So here you have it. Chew on these...
PS - Elaine had her first dentist appointment yesterday. And she absolutely LOVED it. Sat still, listened, didn't cry - got her teeth cleaned, checked out, and flossed! Then she was a royal BEOTCH the rest of the day. I love her though. Love her.
Posted at 06:30 AM in ranting and raving | Permalink | Comments (1) | TrackBack (0)
Guess what this is?
That is part of an injury sustained by my Warren yesterday.
Let's zoom out, shall we?
That sweet face, all banged up. Does he look happy to you?
What about now?
Warren met the driveway with his face yesterday. While riding his scooter. He also managed to bang up his elbow and re-scrape his bum knee. It was quite an ordeal as you can imagine.
I guess this is my introduction to boys and spring/summertime?
Ouch.
That's gonna hurt like a bitch when he showers. Oh raw skin...
(And of course I took a picture of it. Dude, I blog AND I scrapbook. Hello?!?!)
Posted at 06:30 AM in Current Affairs | Permalink | Comments (8) | TrackBack (0)
There have been a few instances lately when damage could have been done to my ego. But I survived it.
Let's see.
Now, all of this could send a gal over the edge. But not so for me. You know how I love me my zoloft. And I don't care what those kids say, I'm the bee's knees. The shiznit. Da bomb! I am silly enough to think people pay attention to me when I'm driving the Mountaineer sans children rockin' out to the radio. I'm one hot momma. It's good that people don't expect much out of me, appearance-wise. When I shower and put on real clothes, Elaine will tell me I look like Jessie (my sister), "oh so pretty". Warren assumes it means I'm going somewhere and they'll have a sitter.
Setting the bar low all while having a kickin' self-image (image, hallucinations - what's the diff?) - that's where it's at. It's how I maintain my game.
I recommend it for all stinky, circular, spikey-haired old ladies out there! HOLLA!
Posted at 06:30 AM in Current Affairs | Permalink | Comments (0) | TrackBack (0)
Five. Five is hard. Two was hard. As was three and four. Five. Now that's a toughie.
Five seems to be a hard age for my War-T. Well, at least this early five that is. I think because he can't seem to stick to five. Daily, his age changes at rapid intervals. There are times when I feel like he is ten, only minutes later to discover that he's about two and has lost his ability to cope. It's hard to be a kid. And sometimes, its even harder to the parent and try to keep up.
For instance, after school yesterday, Warren was this angelic child. He knew I was sick and offered to do everything to make me comfortable. He read me books, he got me a blanket - he even offered to get my slippers for me. When it was time for lunch, he begged to make everyone's. And was damn proud of himself for creating such a feast for Elaine and himself. (Hisself? He and Elaine? What's the rule there?) He took the trash out, hauled in the recycling bin, and offered to do laundry. I mean I was cracking up at the things he was willing to do without my asking.

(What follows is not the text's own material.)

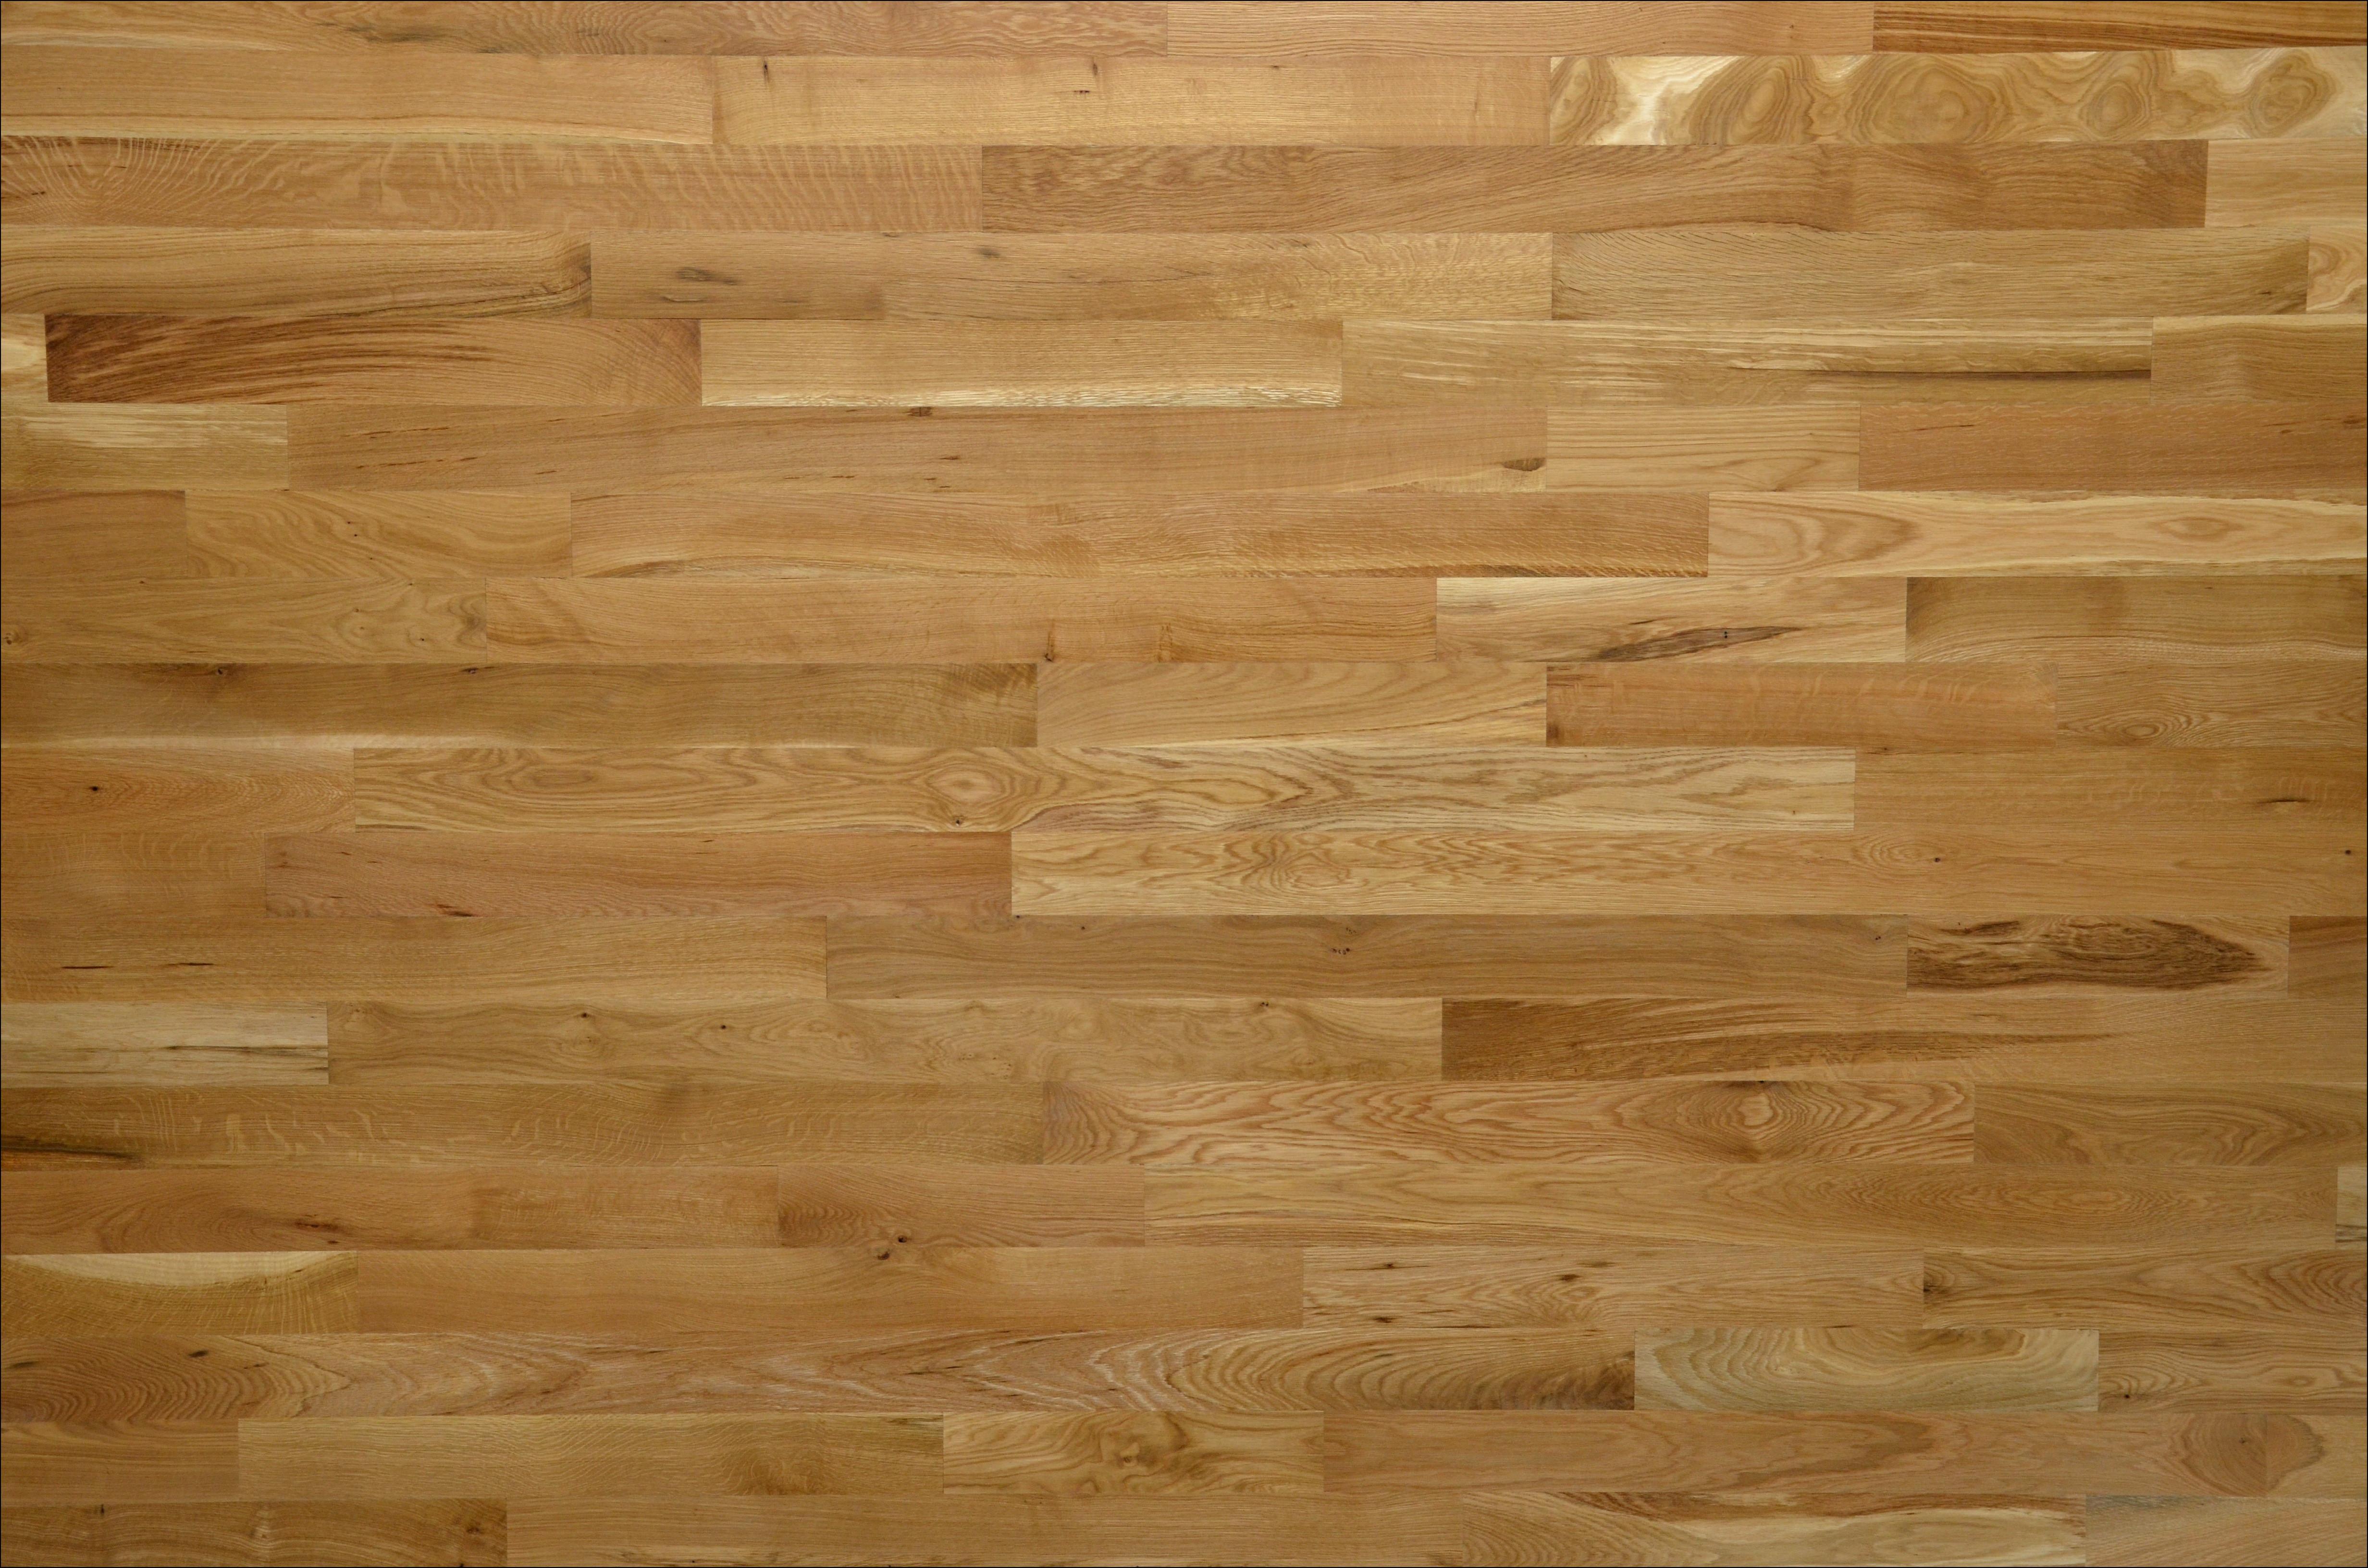 unfinished maple hardwood flooring sale of 2 white oak flooring unfinished stock 2 mon red oak lacrosse with regard to 2 white oak flooring unfinished stock 2 mon red oak lacrosse flooring

During rest time, he was more five year old again. He played quietly in his room for about ten minutes before coming out to ask if rest time was over. We do this battle every day. Such is the routine of a five year old and his mother.

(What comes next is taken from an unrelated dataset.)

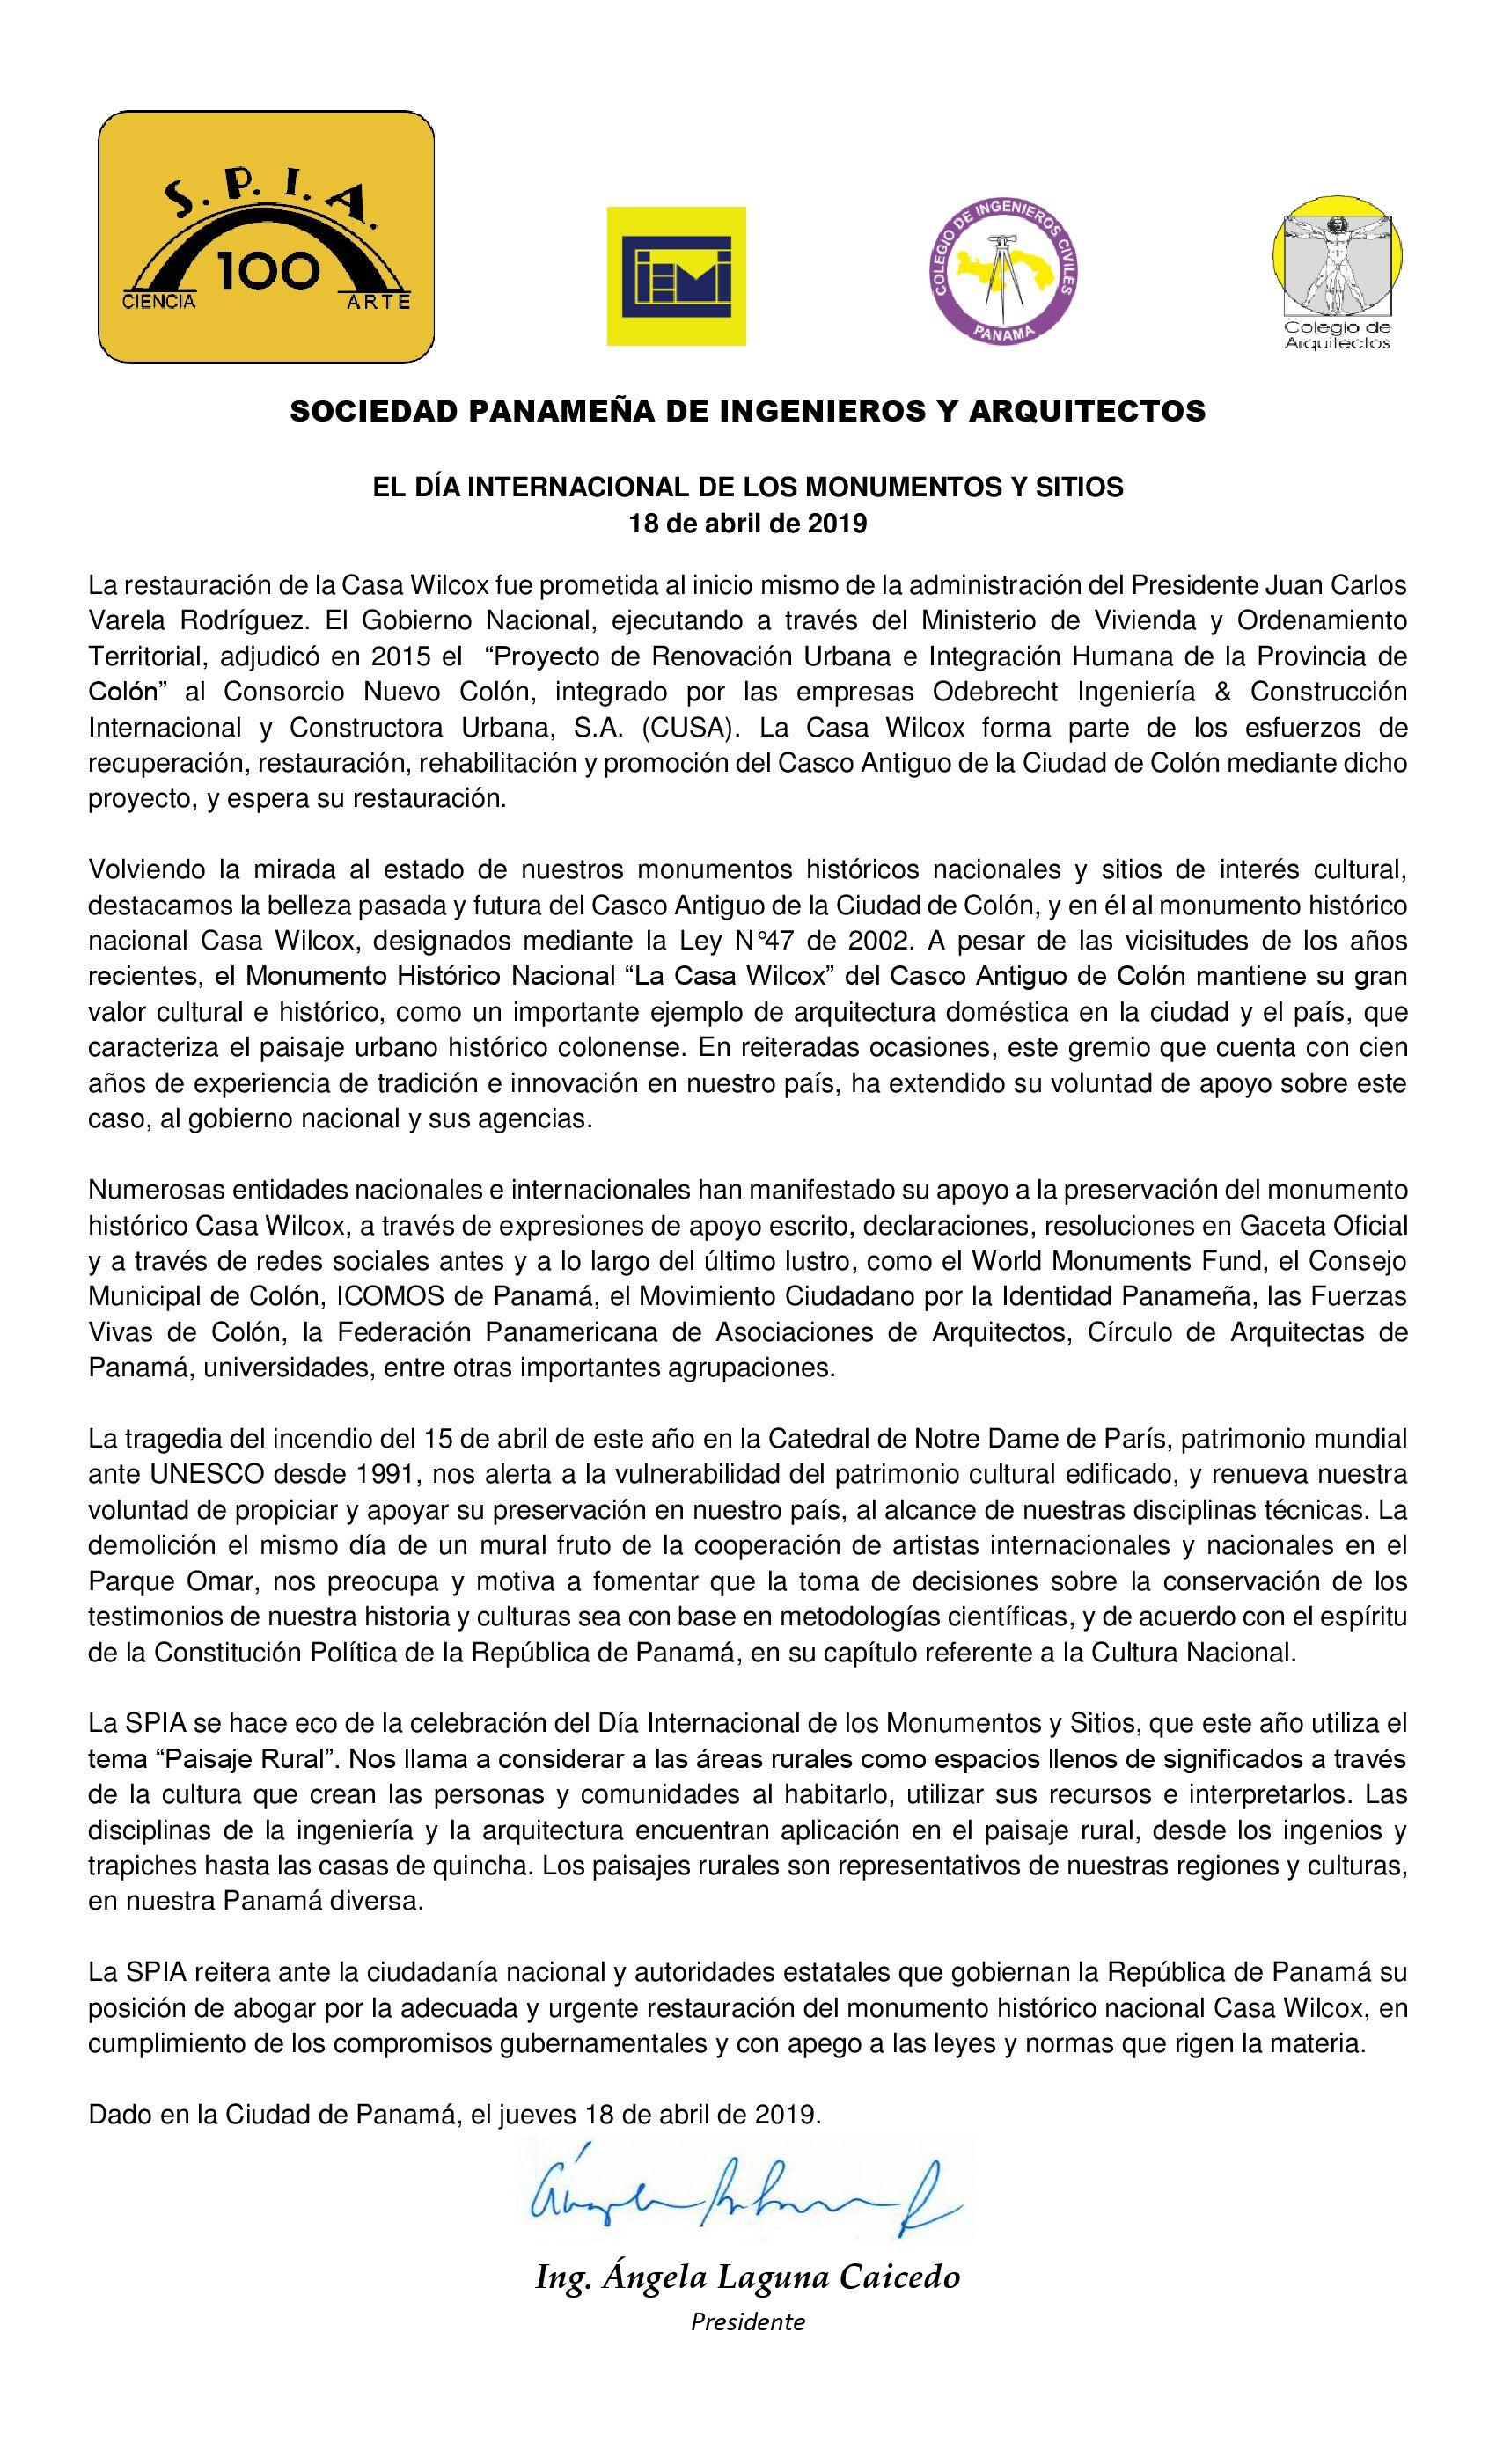 COMUNICADO DÍA INTERNACIONAL DE MONUMENTOS

He played outside with friends, got freaked out by a dragonfly, then played outside some more. He was nice to his sister, then he was mean to his sister. He rode down the cul-de-sac hill at top speed on his scooter. All typical five year old stuff.
Then came time for evening baths. He's moved onto showers, which can I get an AMEN? AMEN! But during this shower, he cried because "water is getting into my eyes and making my eyes hot". I tried to explain/understand but he was too far gone. Much like a two year old. Specifically MY TWO YEAR OLD. After the shower ended, it as all over. Tears flowed as he remembered that he had hurt his knee, oh two hours ago. Tears when he couldn't find his milk cup in the fridge. Tears when his mom lost it and said the kids were going to bed at 7:30.
I could go on and on about five. But let's just sum it up by saying that it's an age of confusion for the five year old, and his parents. I'll just try to enjoy the ride - loving the highs and waiting out the lows. You never know when I'll get a blanket and a story again.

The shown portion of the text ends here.